Ce qui s’approche peut-être le plus d'une contribution concrète de la part du Brésil pour faire évoluer le statu quo a été la proposition de la notion de « responsabilité tout en protégeant » (Responsibility while Protecting -RWP) lors des débats du Conseil de sécurité sur l'utilisation de la force pour protéger les victimes civils de violations des droits de l'homme. La proposition brésilienne, présentée par Mme Rousseff lors de l'assemblée générale de l'ONU en 2011, était une réponse constructive à l’inquiétude généralisée sur le fait que l'intervention de l'OTAN en Libye ait outrepassé son mandat. RWP appelle à mieux définir et suivre l'usage de la force dans le cadre de la Responsabilité de Protéger (R2P), la base sur laquelle l'intervention en Libye a été approuvée. Le concept de RWP a besoin d'être développé, mais c'est un début. 

Dans le cas de la Syrie, le gouvernement Rousseff n'a pas travaillé activement en vue de résoudre la crise, restant dans sa zone de confort. A plusieurs reprises, le gouvernement a clairement fait savoir qu'il ne soutient pas une solution militaire à la crise syrienne sans pour autant indiquer quelles mesures multilatérales concrètes ont ses faveurs. Par exemple, le renvoi de l'affaire devant la Cour Pénale Internationale n'a pas le soutien du Brésil.

La candidature du Brésil à un siège permanent au Conseil de sécurité des Nations Unies n’est plus aujourd’hui un fait nouveau. Selon le Brésil, la démocratisation du Conseil se traduira par une plus grande efficacité. Toutefois, Il est reconnu que, hormis l'anachronisme de sa composition, le Conseil de sécurité fait face à des problèmes qui vont au-delà de l'augmentation du nombre de sièges. Jusqu'à présent, la proposition du Brésil, soutenue par le soi-disant G4 (Allemagne, Brésil, Inde et Japon), consiste à rejoindre le club sans nécessairement modifier les règles du jeu. La question du droit de veto, qui est si centrale et sensible, n'est pas directement visée par la proposition actuel du G4, qui prévoit que le droit de veto des cinq membres permanents ne soit pas sujet à débat ou appelé à être modifié pour une période minimale de 15 ans.

Étant donné que le Brésil, dans sa proposition de « responsabilité tout en protégeant », a soulevé la question de la responsabilité pour les opérations militaires autorisées par le Conseil de sécurité, il serait intéressant que le Brésil appelle à une plus grande responsabilisation au sein du Conseil de sécurité lui-même. Jusqu'ici cependant, l'idée brésilienne de réforme du Conseil de sécurité a mis l'accent uniquement sur l'augmentation du nombre de membres.

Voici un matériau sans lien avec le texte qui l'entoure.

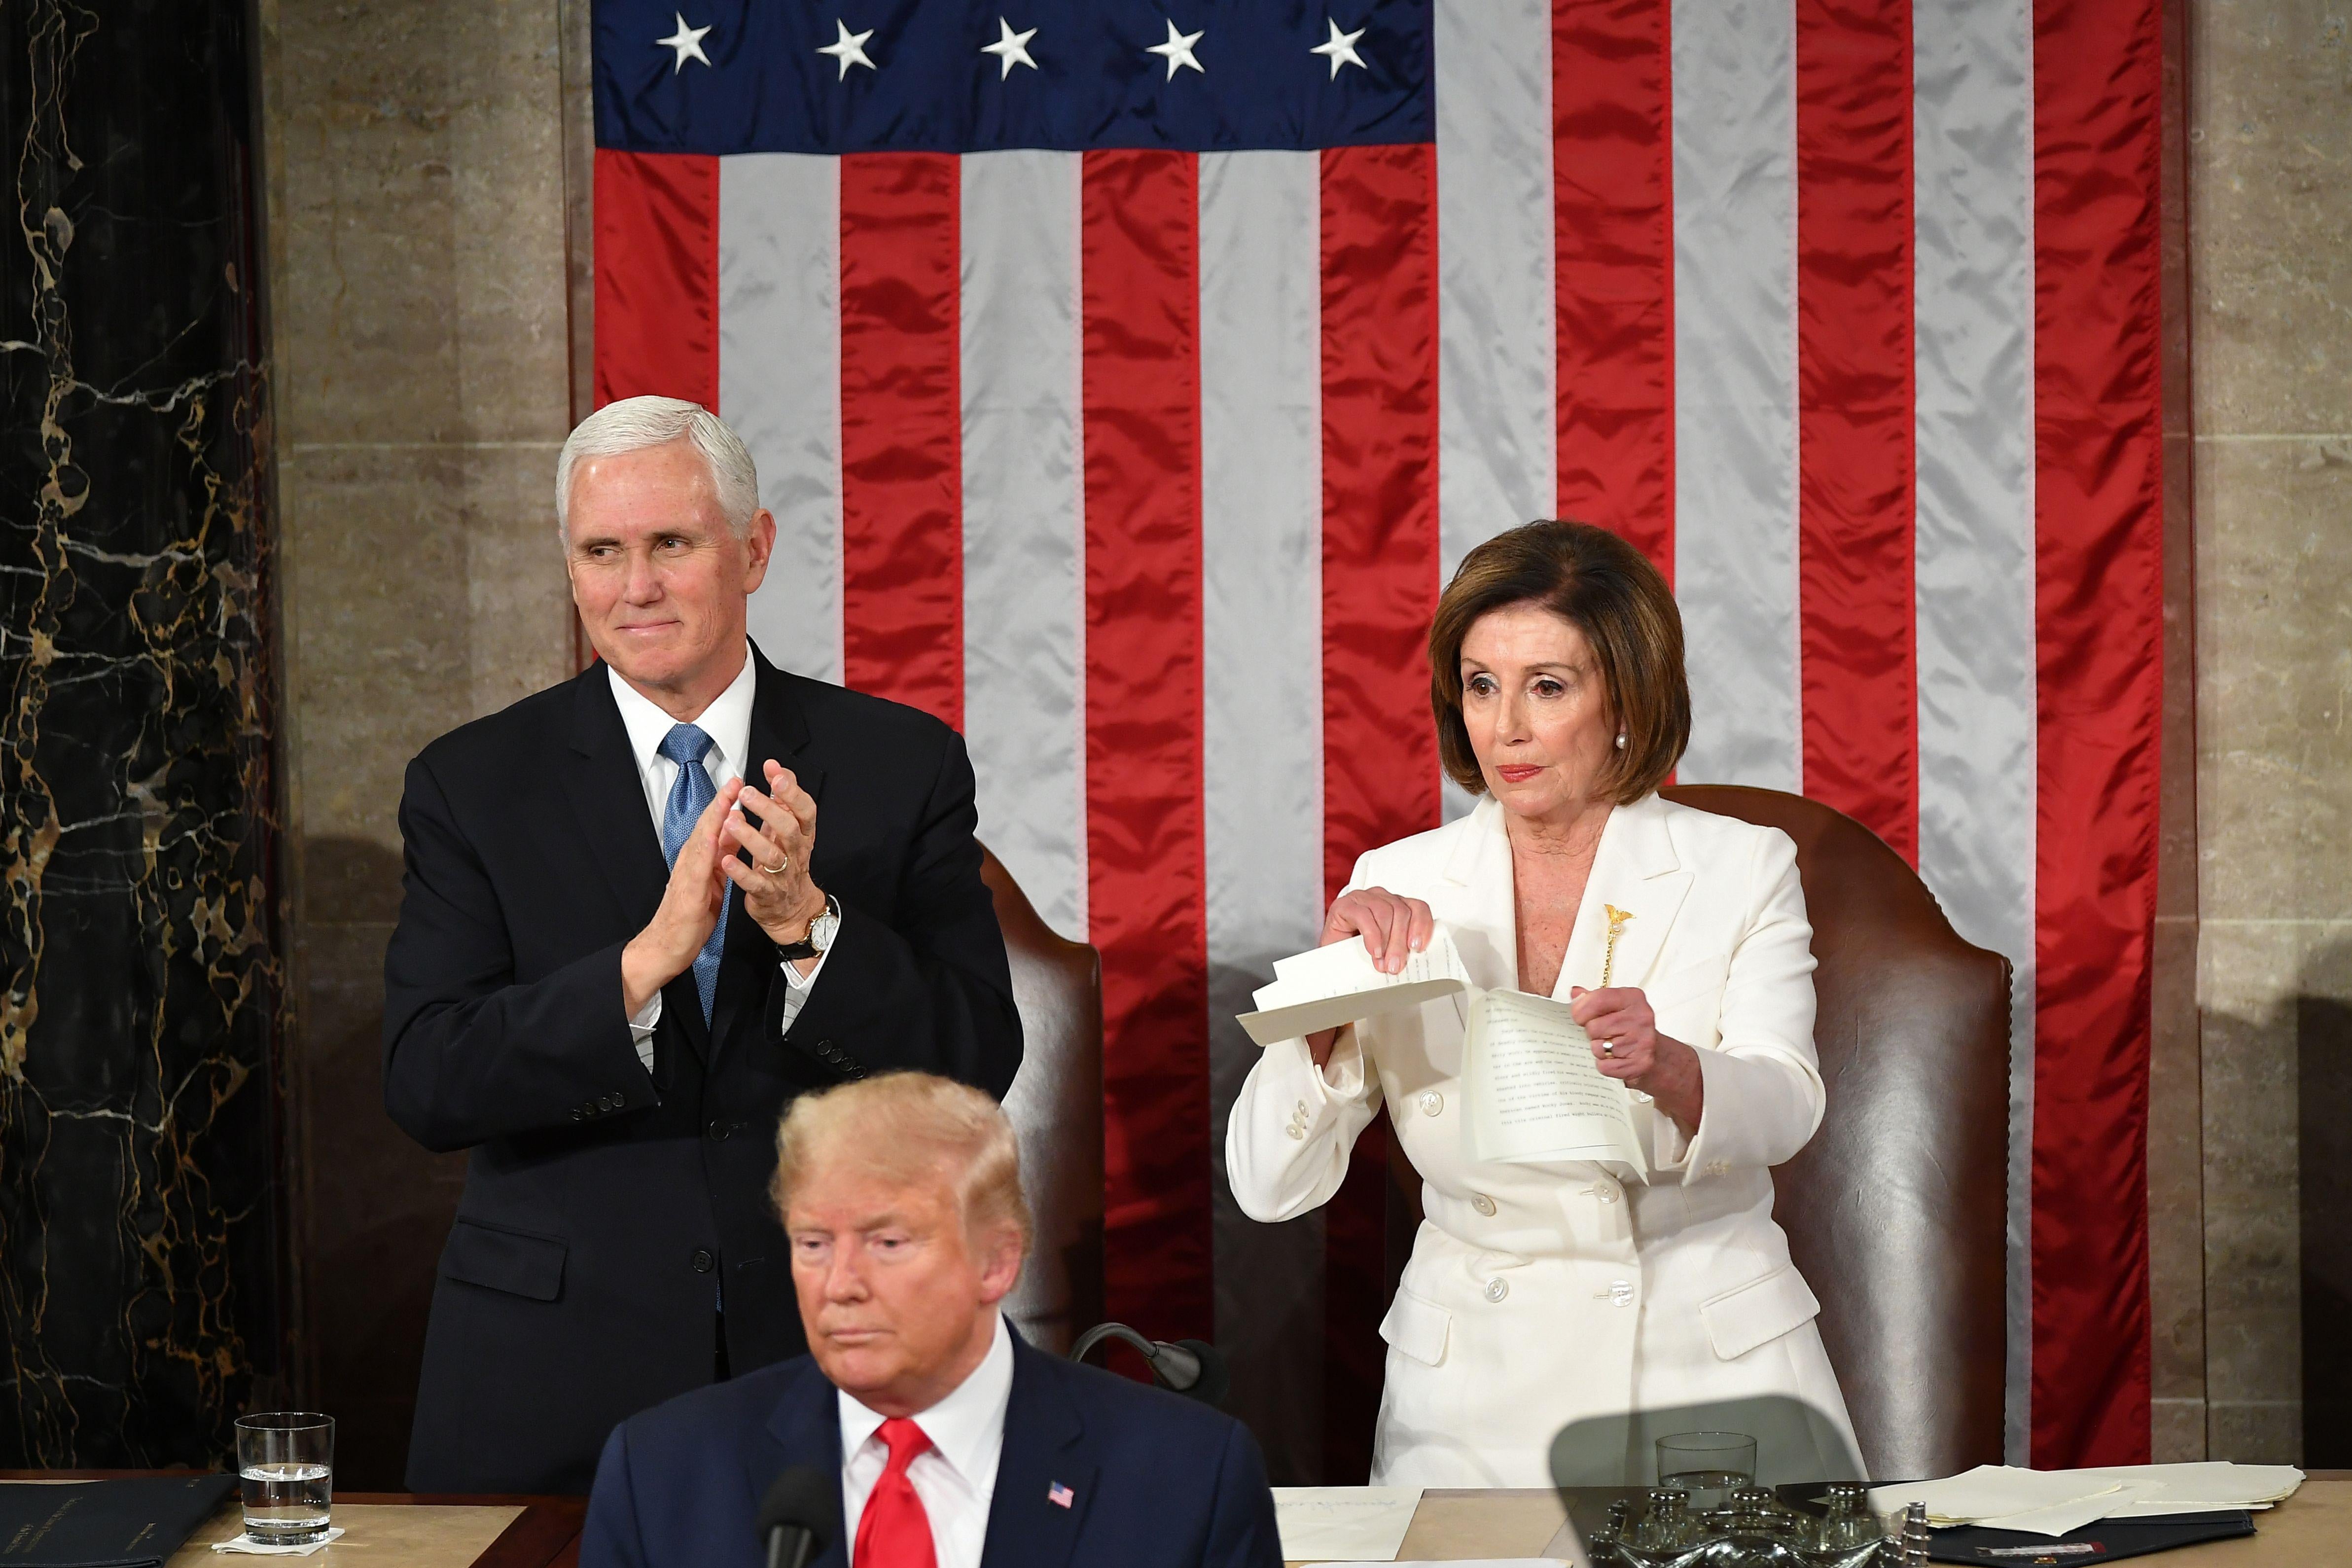 Vice President Mike Pence claps as House Speaker Nancy Pelosi rips a copy of President Donald Trump's State of the Union in Washington, DC.

Que ce soit la remise en question de la politique consistant à nommer et à dénoncer les mauvais élèves, de la sélectivité du système international des droits de l’homme ou de l'usage irresponsable de la force dans les affaires internationales, le Brésil a la capacité d’identifier habilement les problèmes dans la manière dont les droits de l’homme sont traités au niveau international. Mais il ne suffit pas de critiquer. Le Brésil a besoin de présenter des alternatives concrètes et de montrer l'exemple à travers ses propres actions. Si le Brésil veut vraiment être un moteur du changement, il devra se montrer beaucoup plus audacieux à l'avenir.